A "pickup truck bedliner" product may be useful for your purpose. Here's one that even mentions _ladder steps _as a possible application:
http://www.herculiner.com/101_uses.htm

Readily available at auto parts stores.


----------



## sfisher (Sep 22, 2009)

Boaters World, or West Marine will have what you are looking for, but it wont be cheap.


----------



## dingo983 (Feb 10, 2011)

I never tried it before but you might try a thick coat of epoxy spray paint then sprinkle play sand over it. Might be cheaper than the marine grade no slip paint.


----------



## Kevin245 (Apr 5, 2010)

We used a product for custom walk boards called wing walk. http://www.randolphaircraft.com/wingwalk.html


----------



## Acebird (Mar 17, 2011)

Have you tried a pair of roofing shoes? Painting an anodized aluminum ladder might not work out so well. Possibly try cementing a material to the bottom of some old shoes that gives better grip.


----------



## mac (May 1, 2005)

http://skateboard.about.com/od/boardmaintenance/ss/HowToGriptape.htm Skate boards have grip tape looks like very coarse sand paper sold at wall mart


----------



## HiveMind (Jul 6, 2010)

The Herculiner is what I had in mind. Thanks Rader Sidetrack. But the Wing Walk product looks fantastic too! Maybe even better. From reading the product description says it remains somewhat soft throughout its life which seems ideal for some reason. And also has grit in it. That sounds perfect! I found it here for $30/gallon +$8 shipping. Sort of steep. But paying $40 to not slip off of my ladders is worth it to me. Thanks for the advice Kevin245!


----------



## HiveMind (Jul 6, 2010)

Hi Acebird, I hadn't thought about roofing shoes. I'll have to consider that. Especially since some of my jobs are up on roofs.


----------



## Acebird (Mar 17, 2011)

What size are your feet? I have a pair that look rather new but I don't go on roofs anymore. I know they are quit expensive. If they fit you you can have them or just try them to see if it helps.


----------



## HiveMind (Jul 6, 2010)

Thanks for the offer, Acebird. I wear size 10 shoes.


----------



## Captainfester (May 1, 2012)

GRIZZLY GRIP. its a knock off rhino liner, paints on. i used it on my truck 12 years ago. works great.


----------



## Lburou (May 13, 2012)

sfisher said:


> Boaters World, or West Marine will have what you are looking for, but it wont be cheap.

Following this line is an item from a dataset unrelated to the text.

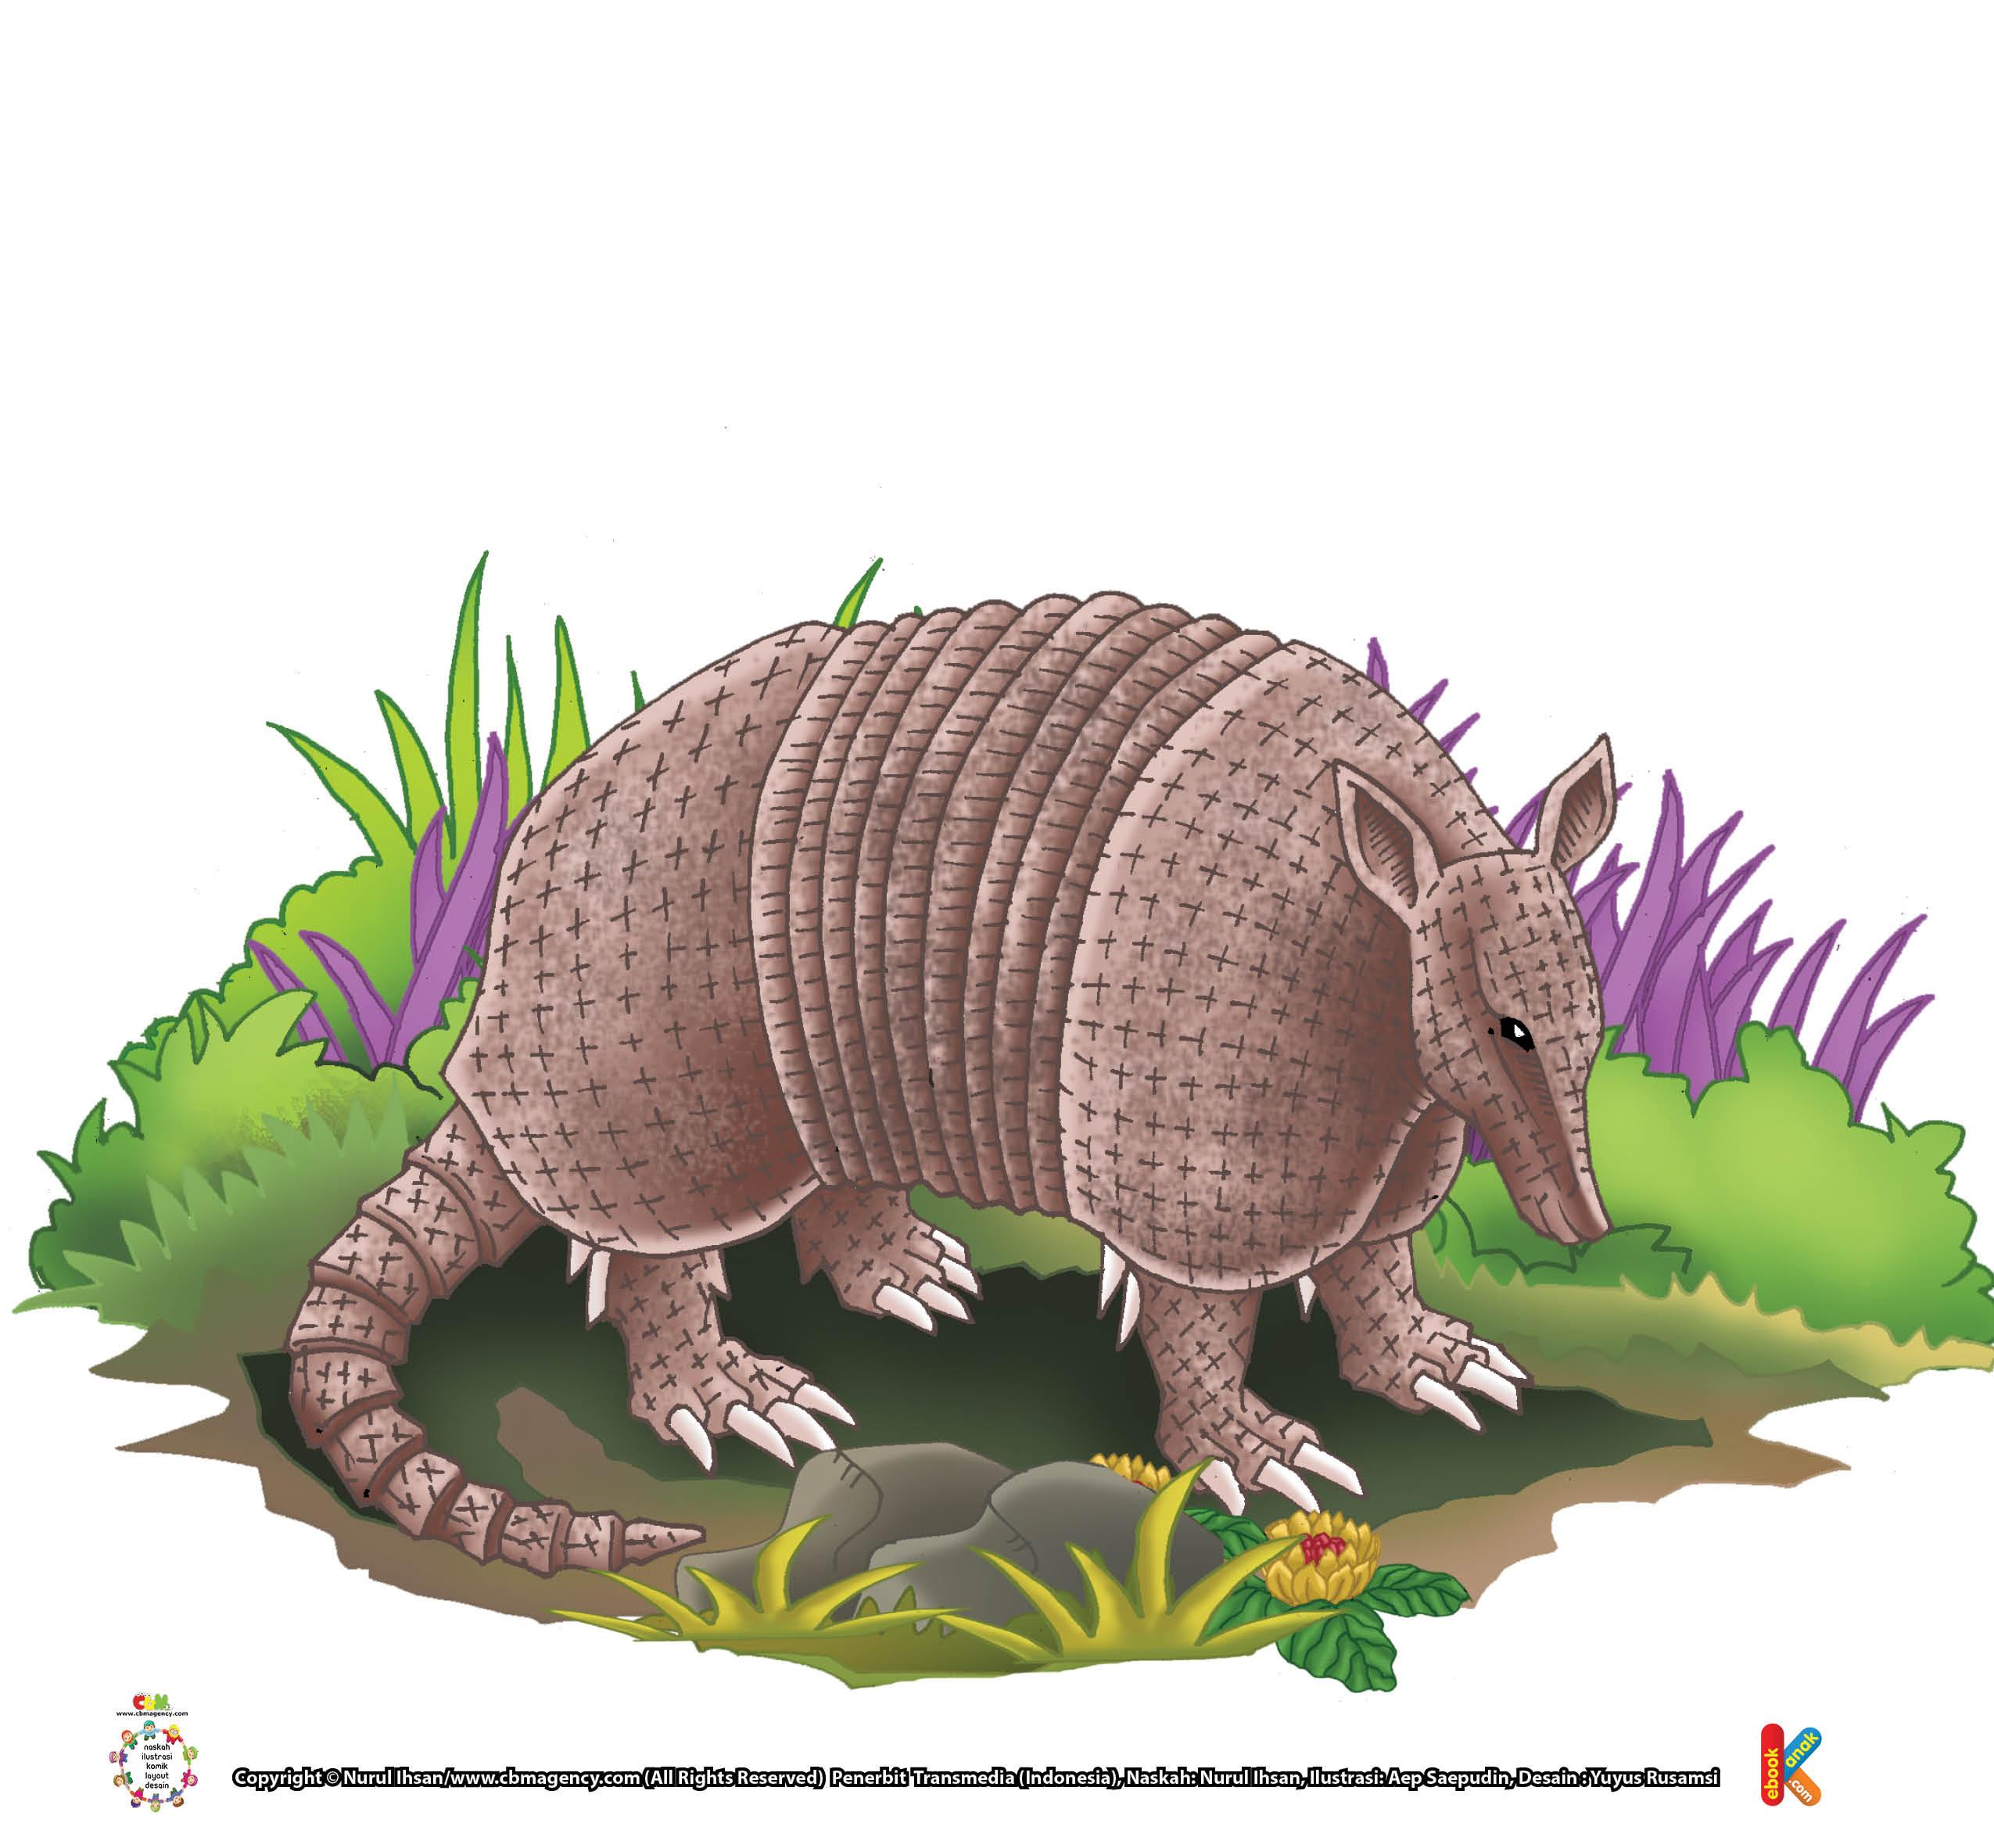 Armadilo adalah satu-satunya hewan mamalia bercangkang, selain trenggiling.

MY first thought too. In the past I have painted a boat deck, and while the paint is still wet, applied sharp sand to the paint with a large salt shaker arrangement. Then, painted over that sand, making a sturdy surface with some traction. You have to reapply occasionally. Use thick coats of paint. If you have a garden hose available, the honey will dilute pretty fast. Your results may vary


----------



## Katharina (May 2, 2011)

Home Depot sells rolls of rubberized grip tape used on slick stairs so you wont fall. They adhere quite nicely and do a very good job. We use it on our ladders so we don't fall off them in winter. Snow is quite slick.


----------



## Katharina (May 2, 2011)

Uglu Outdoors Grit Roll


----------